■ Prompt: Without copying any picture, transcribe exactly the lines of the data below from the one containing "Jakie są ograniczenia" through the one containing "Australian Aboriginal Art, Pillow".

■ Listed records:

·····

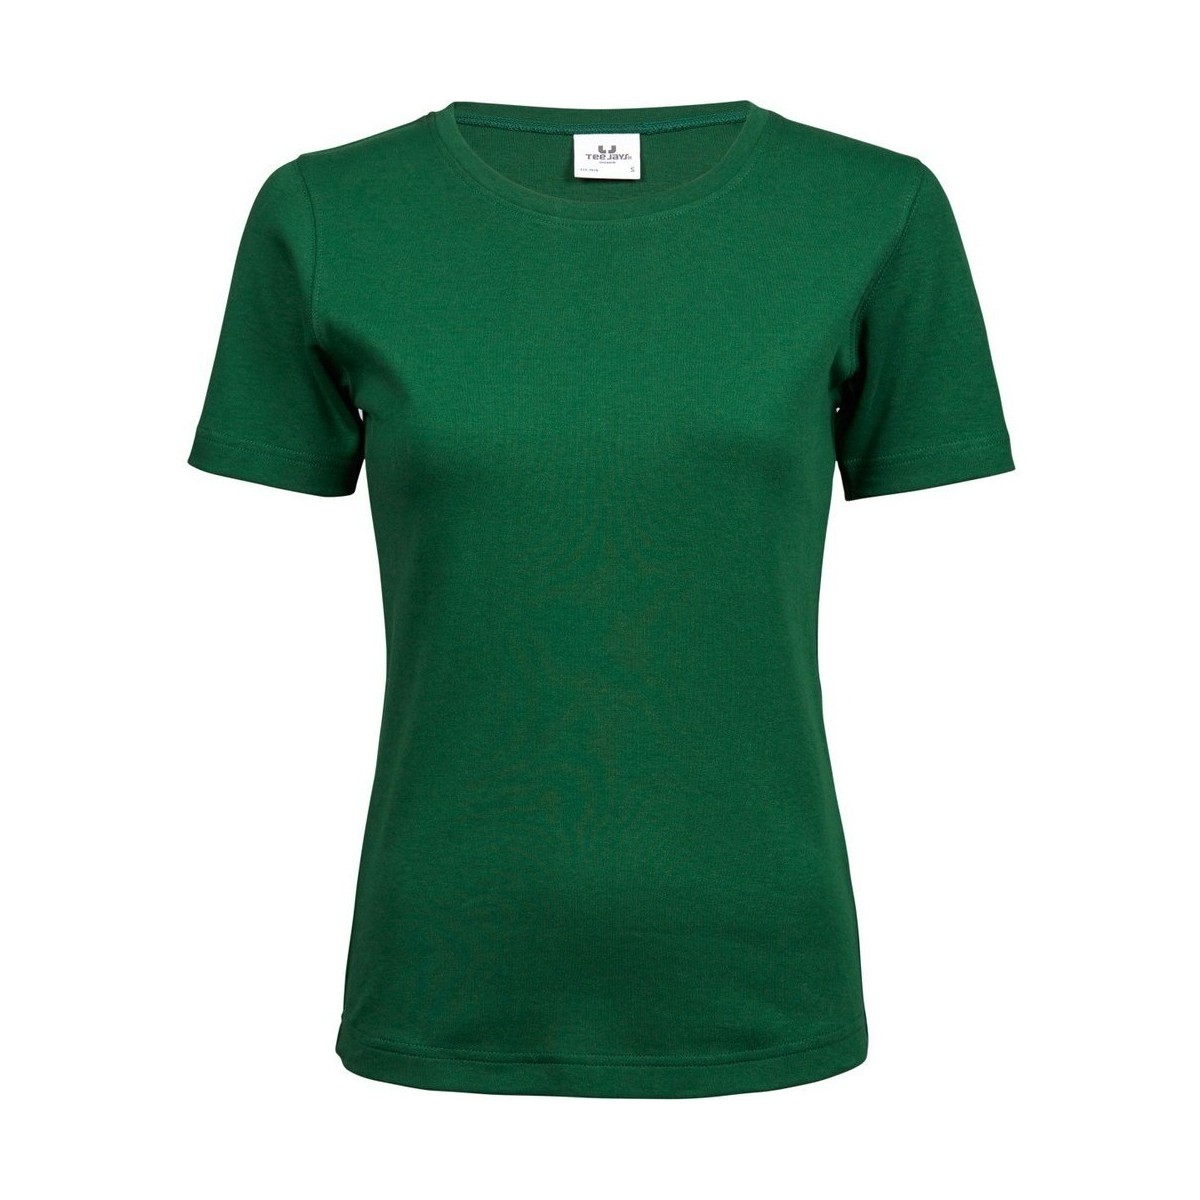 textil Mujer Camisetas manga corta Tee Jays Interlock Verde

·····

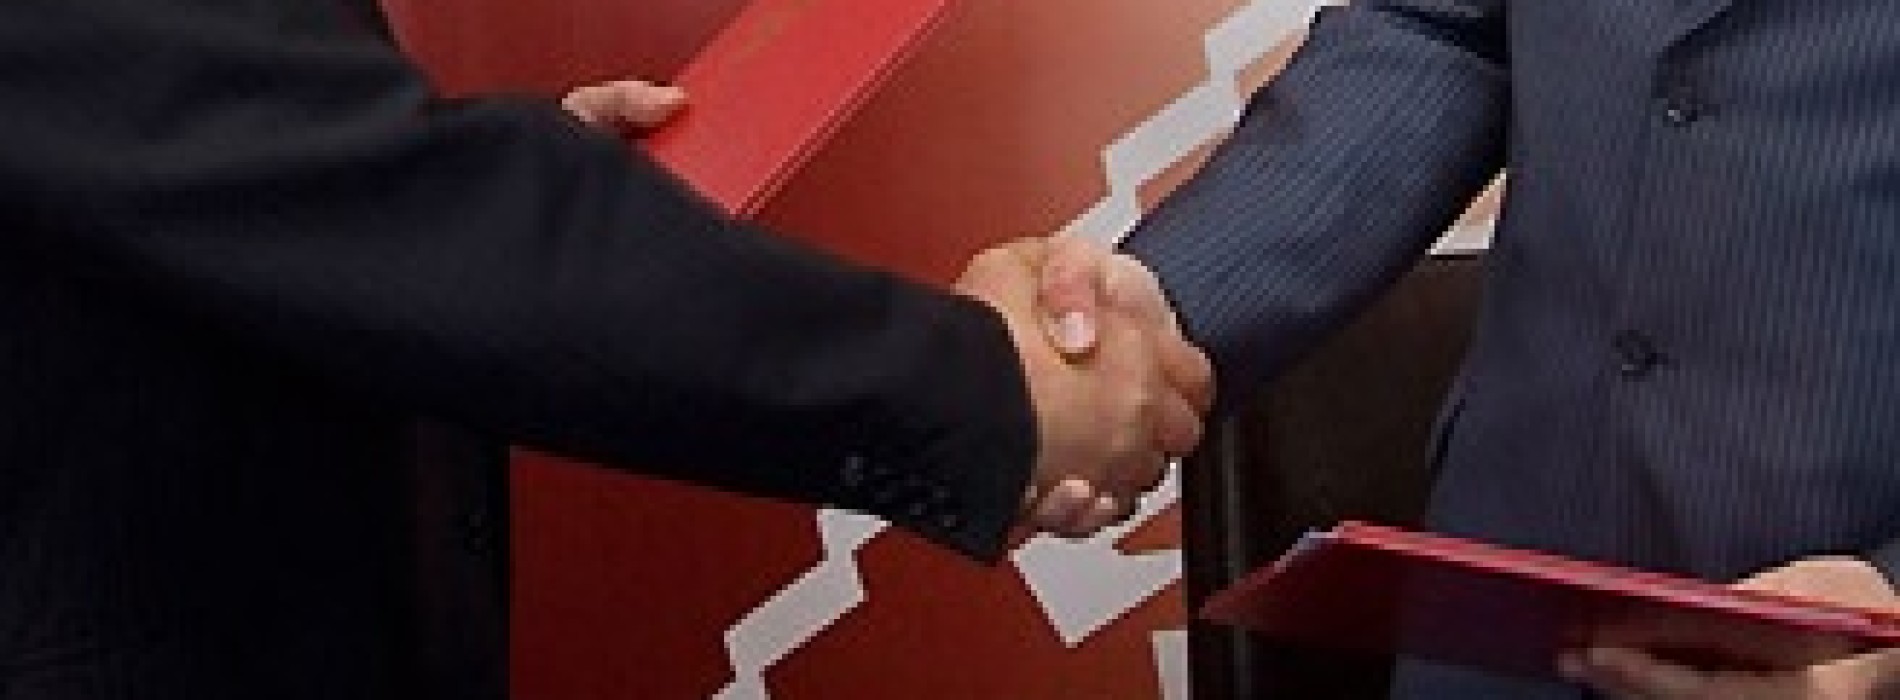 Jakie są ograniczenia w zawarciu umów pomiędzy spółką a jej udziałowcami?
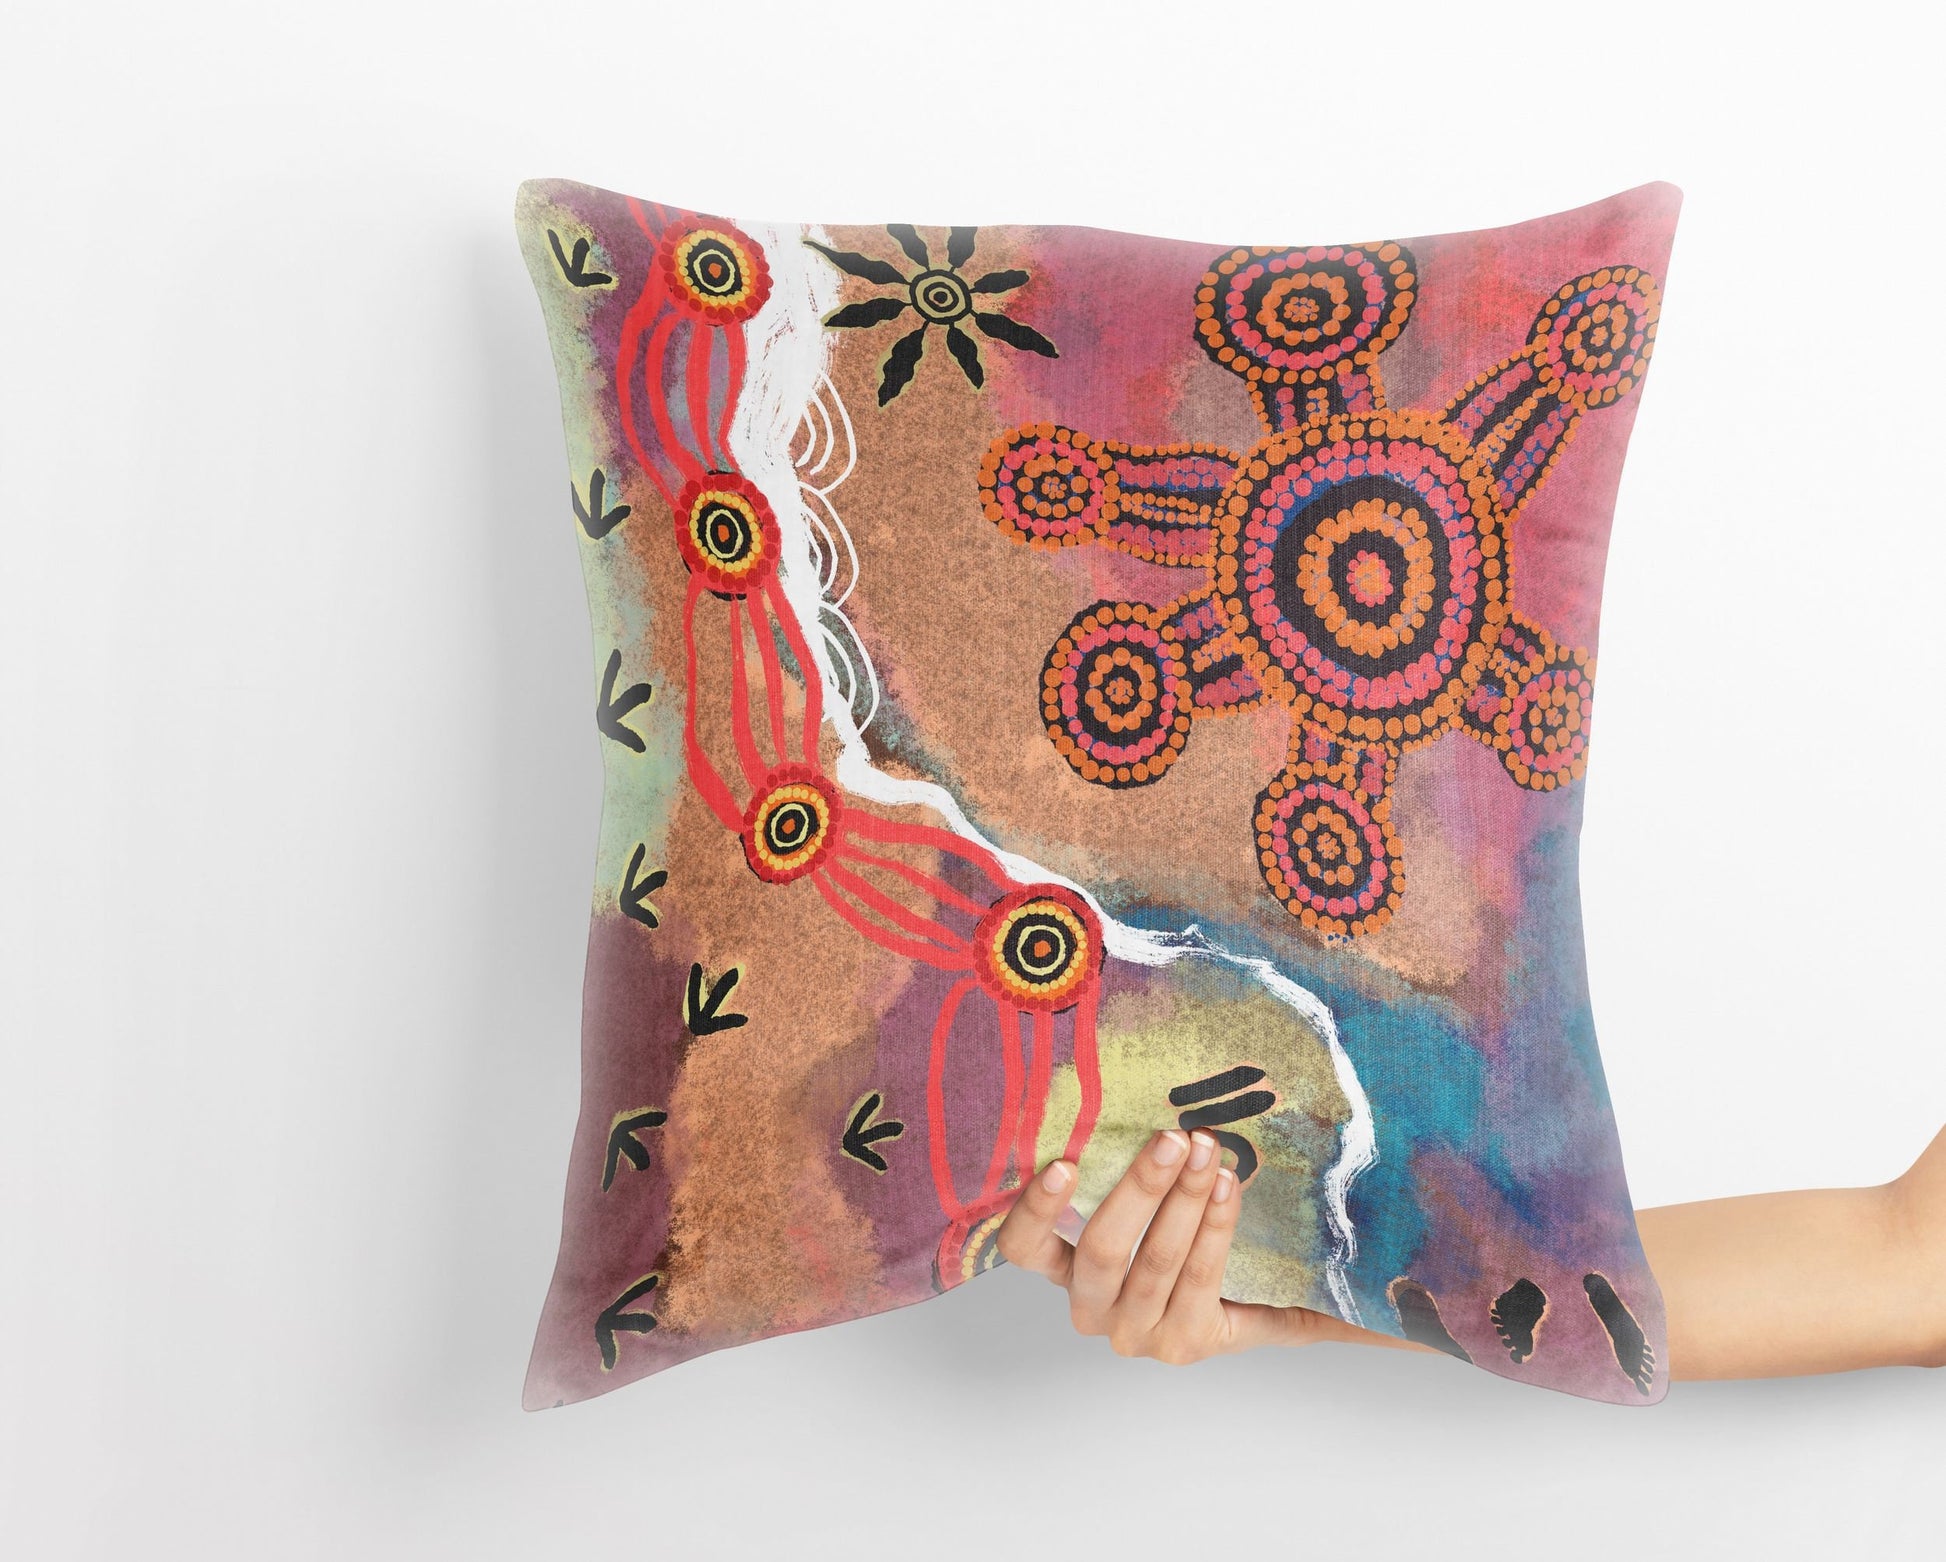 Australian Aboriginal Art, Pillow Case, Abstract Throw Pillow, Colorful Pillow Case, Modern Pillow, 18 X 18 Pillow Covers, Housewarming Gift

·····

■ Exercise response:
 Jakie są ograniczenia w zawarciu umów pomiędzy spółką a jej udziałowcami?
 Australian Aboriginal Art, Pillow Case, Abstract Throw Pillow, Colorful Pillow Case, Modern Pillow, 18 X 18 Pillow Covers, Housewarming Gift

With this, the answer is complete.